Americans renouncing U.S. citizenship surged sixfold in the second quarter from a year earlier as the government prepares to introduce tougher asset-disclosure rules.

Expatriates giving up their nationality at U.S. embassies climbed to 1,131 in the three months through June from 189 in the year-earlier period, according to Federal Register figures published today. That brought the first-half total to 1,810 compared with 235 for the whole of 2008.

The U.S., the only nation in the Organization for Economic Cooperation and Development that taxes citizens wherever they reside, is searching for tax cheats in offshore centers, including Switzerland, as the government tries to curb the budget deficit. Shunned by Swiss and German banks and facing tougher asset-disclosure rules under the Foreign Account Tax Compliance Act, more of the estimated 6 million Americans living overseas are weighing the cost of holding a U.S. passport.

"With the looming deadline for Fatca, more and more U.S. citizens are becoming aware that they have U.S. tax reporting obligations," said Matthew Ledvina, a U.S. tax lawyer at Anaford AG in Zurich. "Once aware, they decide to renounce their U.S. citizenship."

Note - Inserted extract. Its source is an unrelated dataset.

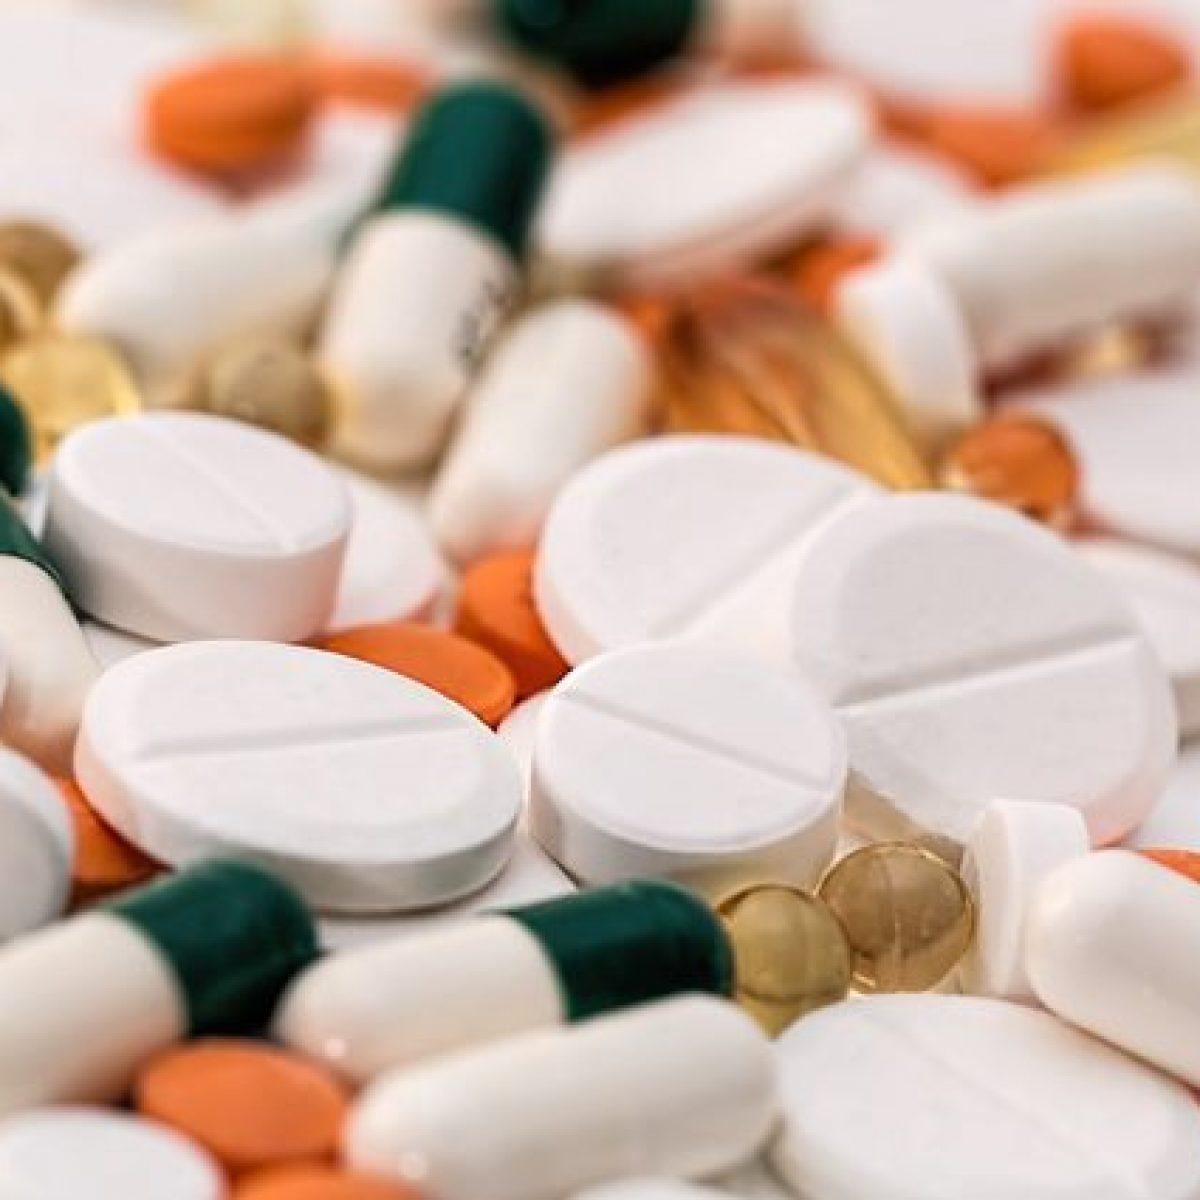 disfunzione erettile e drogato

Fatca requires foreign financial institutions to report to the Internal Revenue Service information about financial accounts held by U.S. taxpayers, or held by foreign entities in which U.S. taxpayers hold a substantial ownership interest. It was estimated to generate $8.7 billion over 10 years, according to the congressional Joint Committee on Taxation.

Delaying Implementation

The 2010 Fatca law requires banks to withhold 30 percent from "certain U.S.-connected payments" to some accounts of American clients who don't disclose enough information to the IRS. While banks can sign agreements to report to the IRS individually, many are precluded from doing so by privacy laws in their jurisdictions.

The Treasury Department last month announced that the IRS will delay the start of Fatca by six months until July 1, 2014, to give foreign banks time to comply with the law. The extension of the act follows a previous one-year delay announced in 2011.

Financial institutions including Canada's Toronto-Dominion Bank (TD) and Allianz SE of Germany have expressed concerns that Fatca is too complex.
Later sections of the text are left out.